### ACTIVITY:
Below, find the line containing "100pcs/Lot BC817-40 SOT-23-3"; from there to the final line, print every line exactly and skip the pictures.

### INPUT RECORDS:

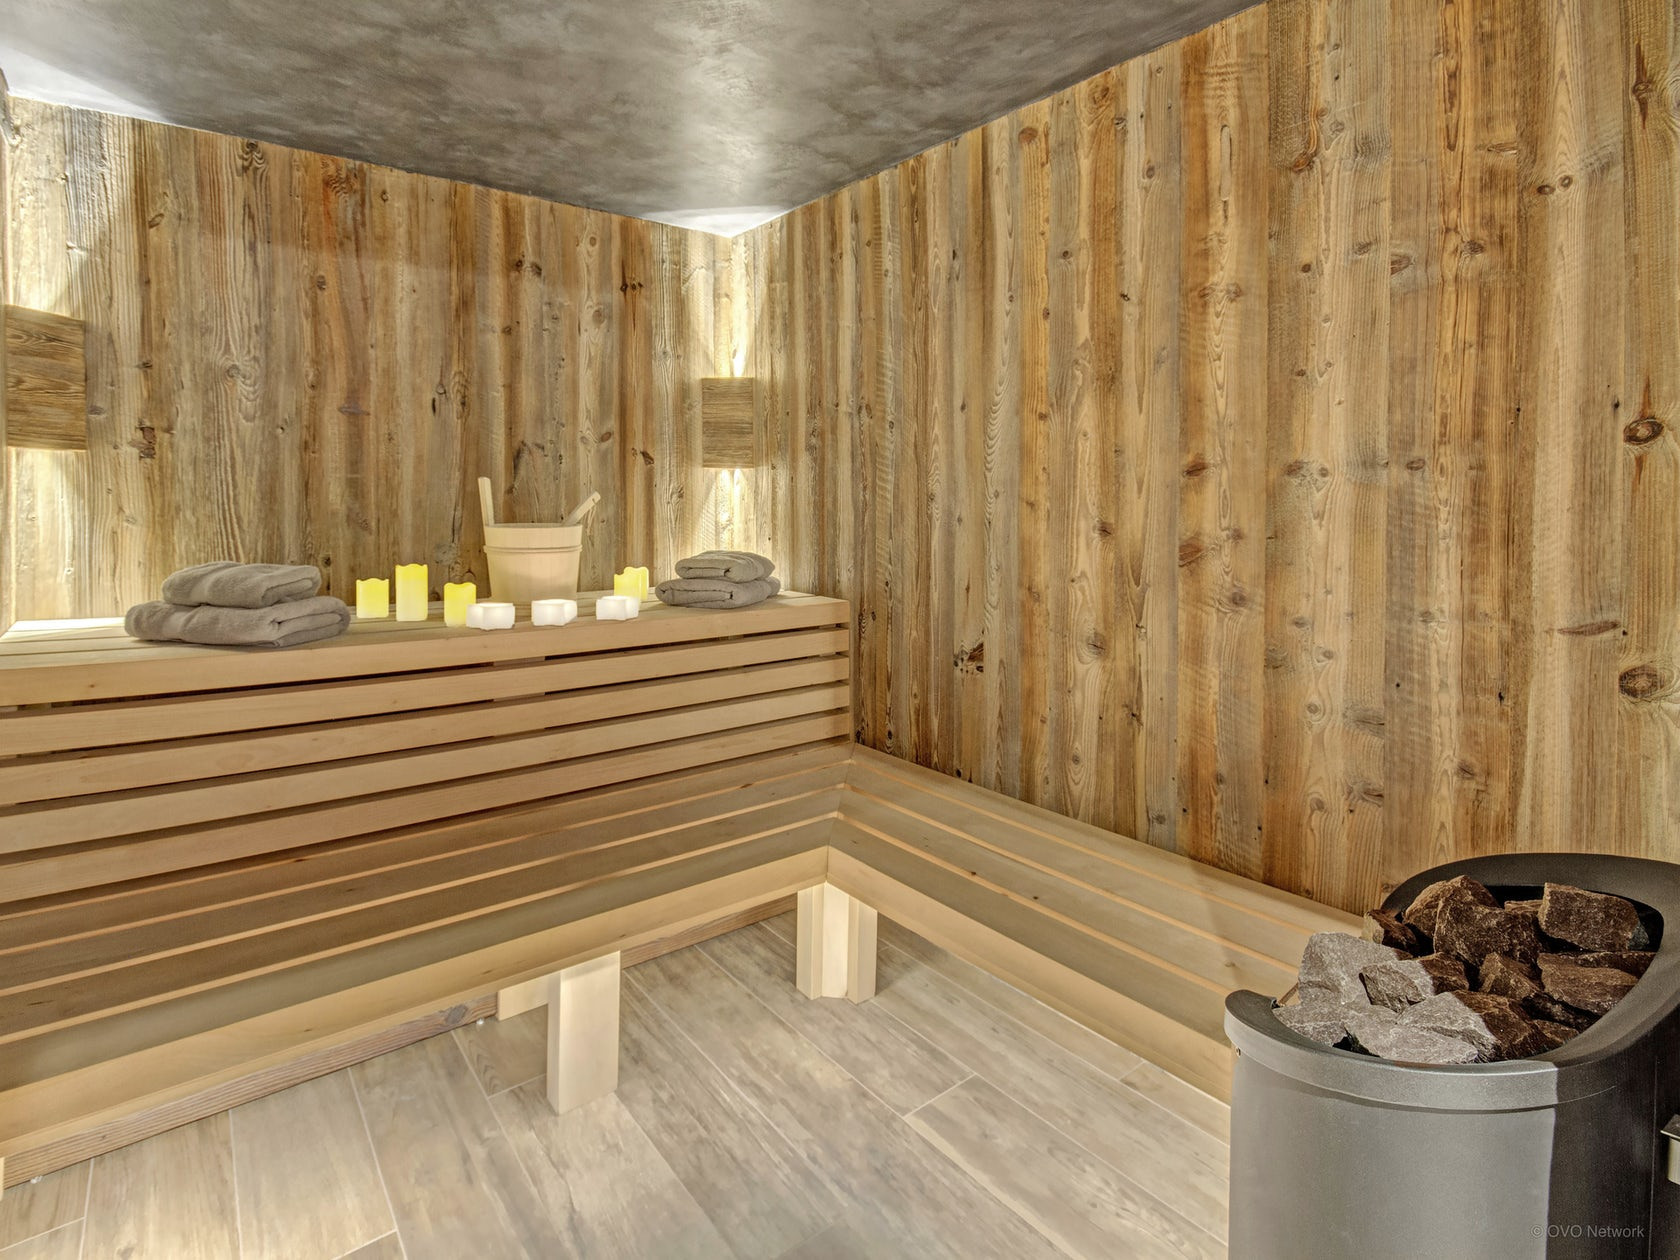 La Clusaz Location Chalet Luxe Lewodite Sauna
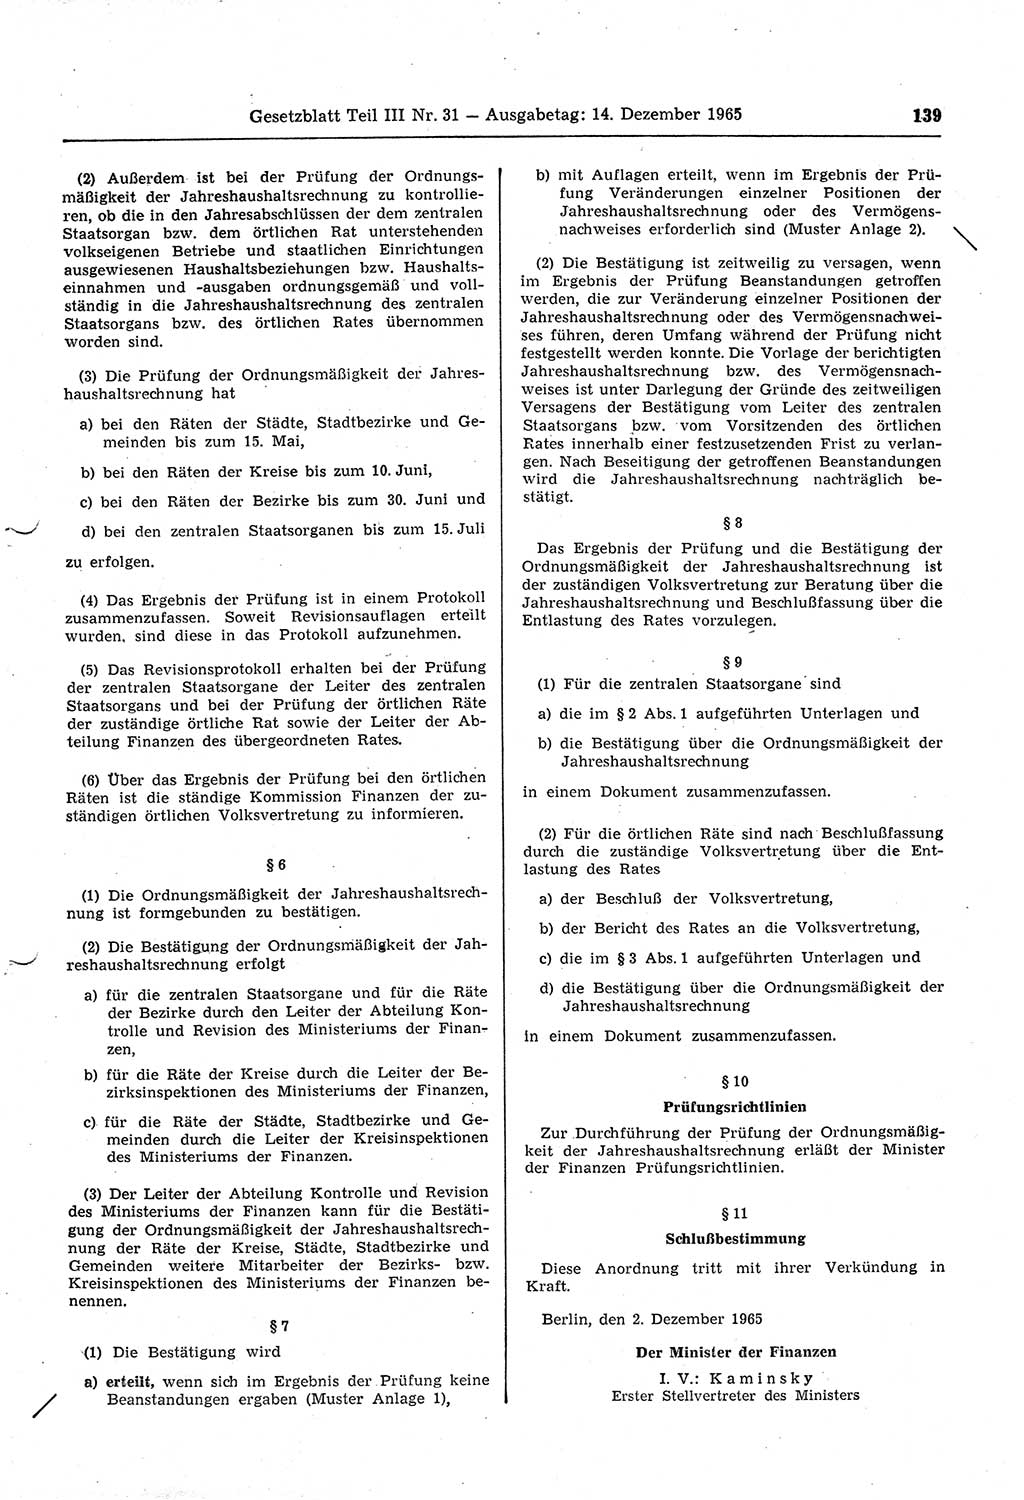 Gesetzblatt (GBl.) der Deutschen Demokratischen Republik (DDR) Teil ⅠⅠⅠ 1965, Seite 139 (GBl. DDR ⅠⅠⅠ 1965, S. 139)
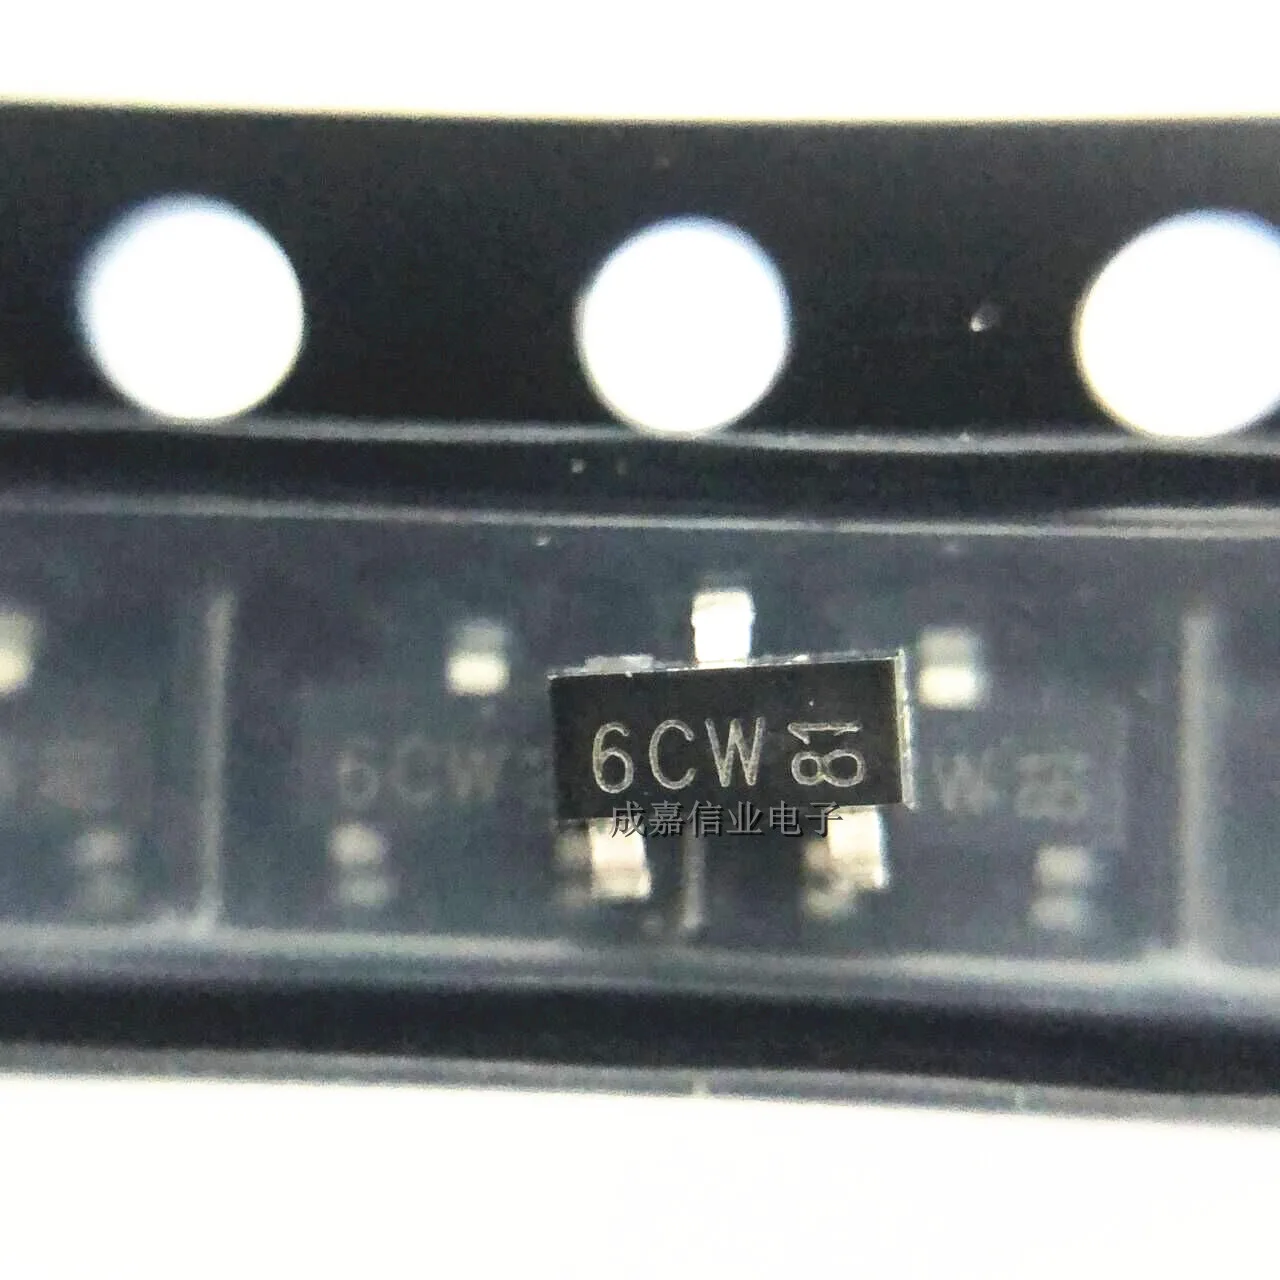 

100pcs/Lot BC817-40 SOT-23-3 MARKING;6CW Bipolar Transistors - BJT Trans GP BJT NPN 45V 0.5A 345mW Automotive 3-Pin
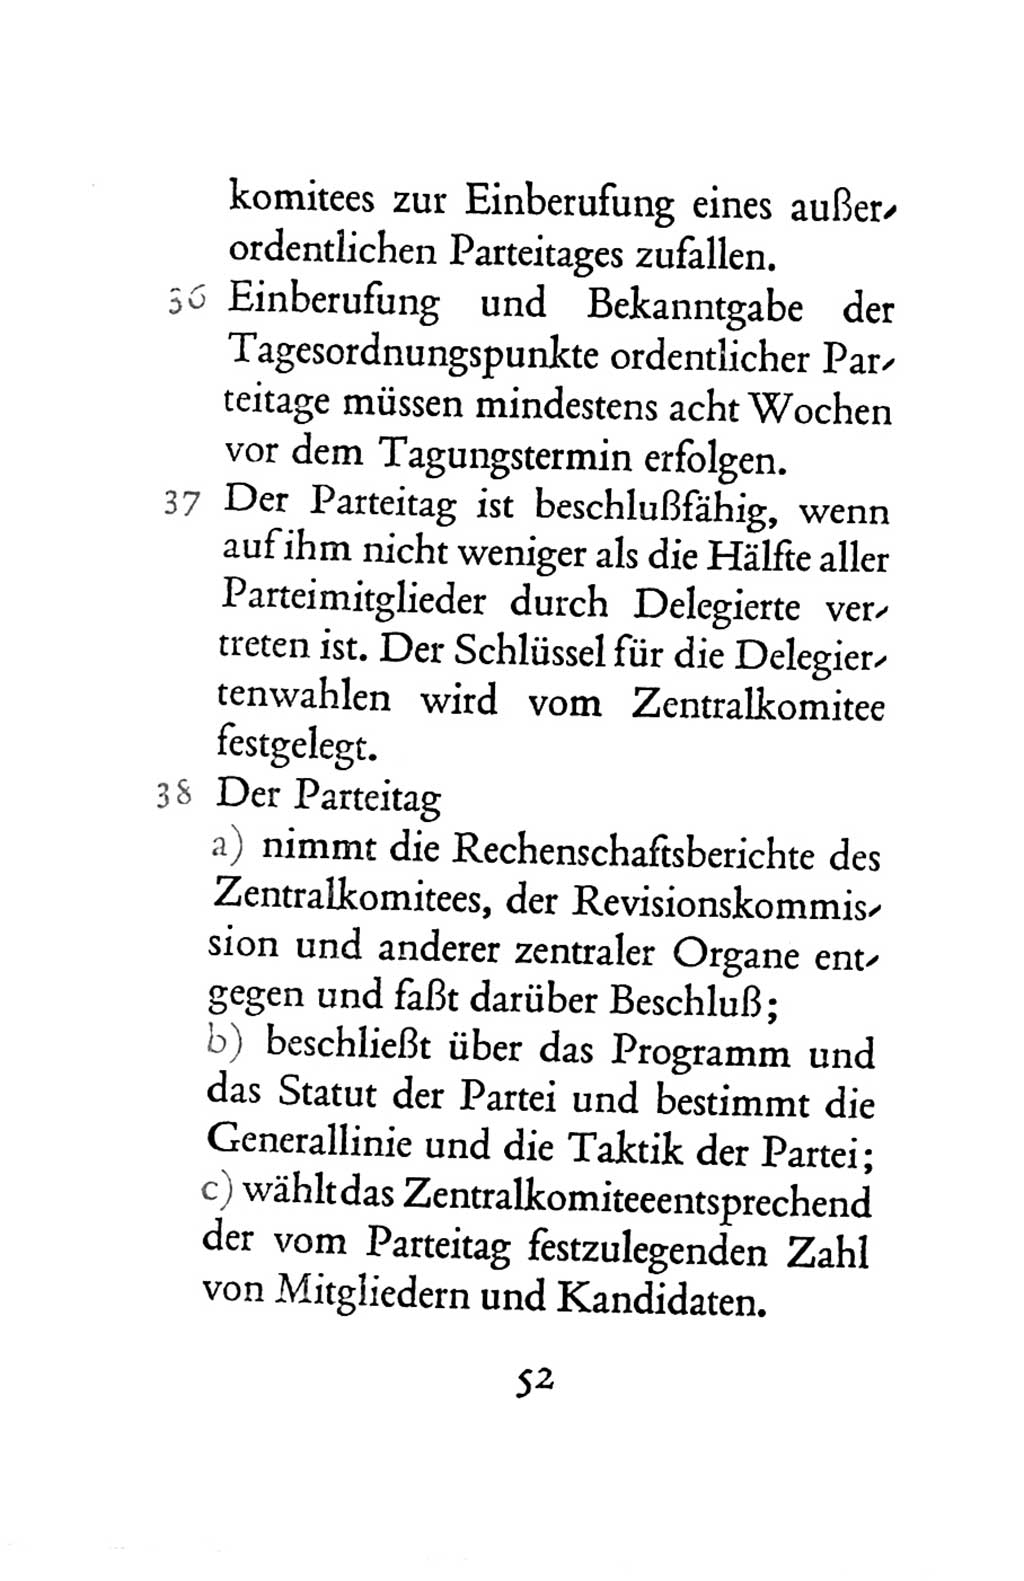 Statut der Sozialistischen Einheitspartei Deutschlands (SED) 1963, Seite 52 (St. SED DDR 1963, S. 52)
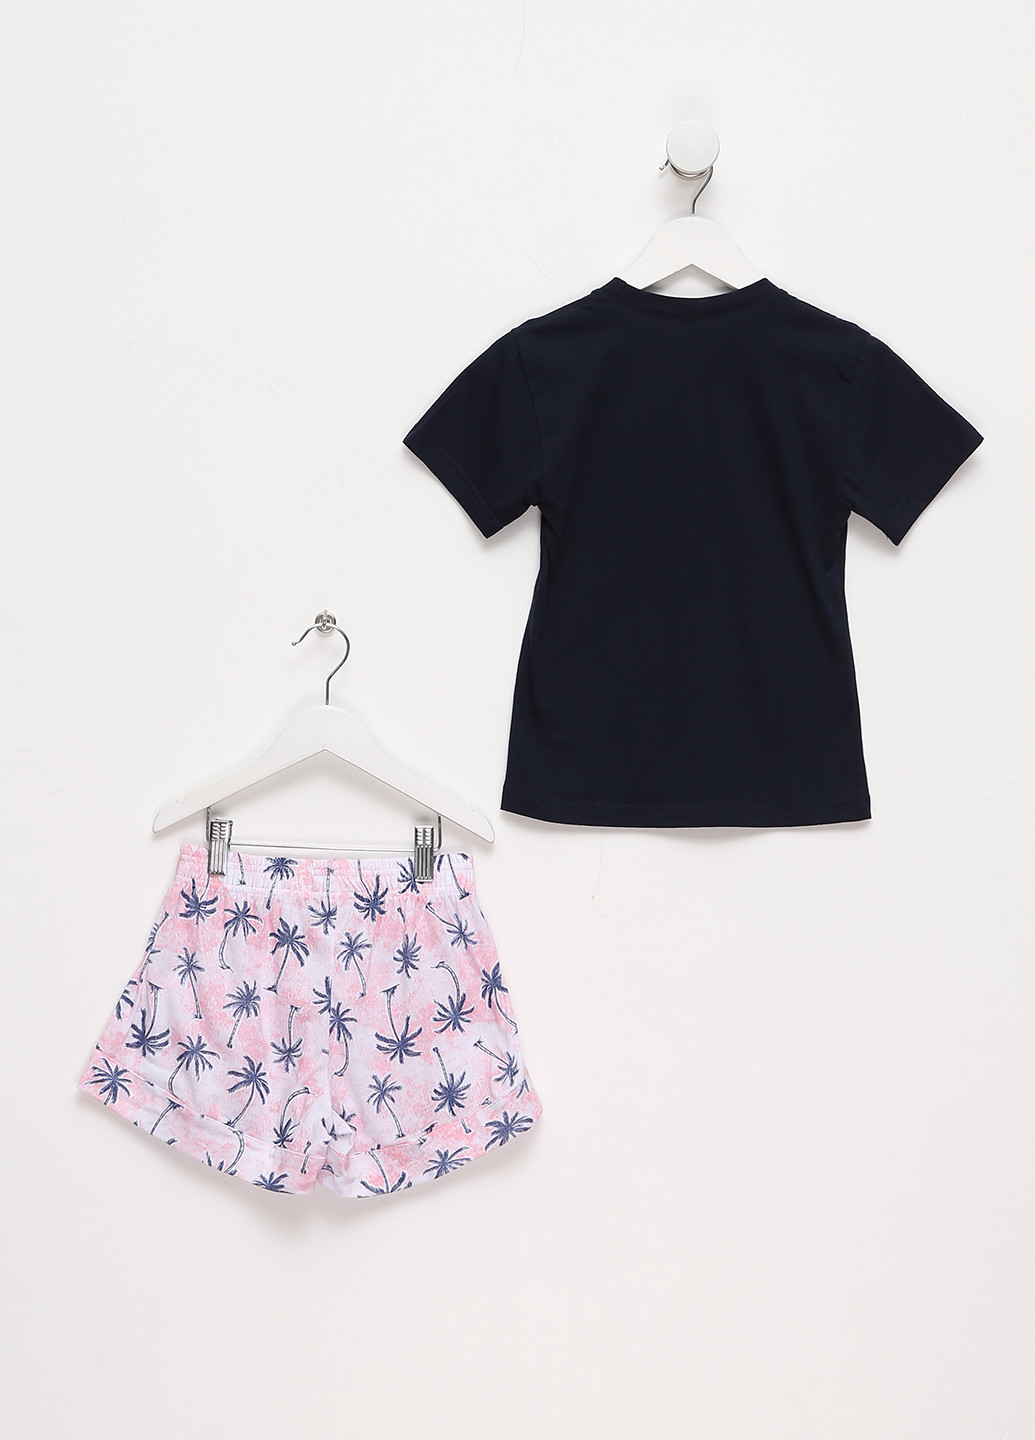 Комбинированная всесезон пижама (футболка, шорты) футболка + шорты Aniele

### OUTPUT OF THE TASK:
100pcs/Lot BC817-40 SOT-23-3 MARKING;6CW Bipolar Transistors - BJT Trans GP BJT NPN 45V 0.5A 345mW Automotive 3-Pin
 Statut der Sozialistischen Einheitspartei Deutschlands (SED) 1963, Seite 52 (St. SED DDR 1963, S. 52)
 Комбинированная всесезон пижама (футболка, шорты) футболка + шорты Aniele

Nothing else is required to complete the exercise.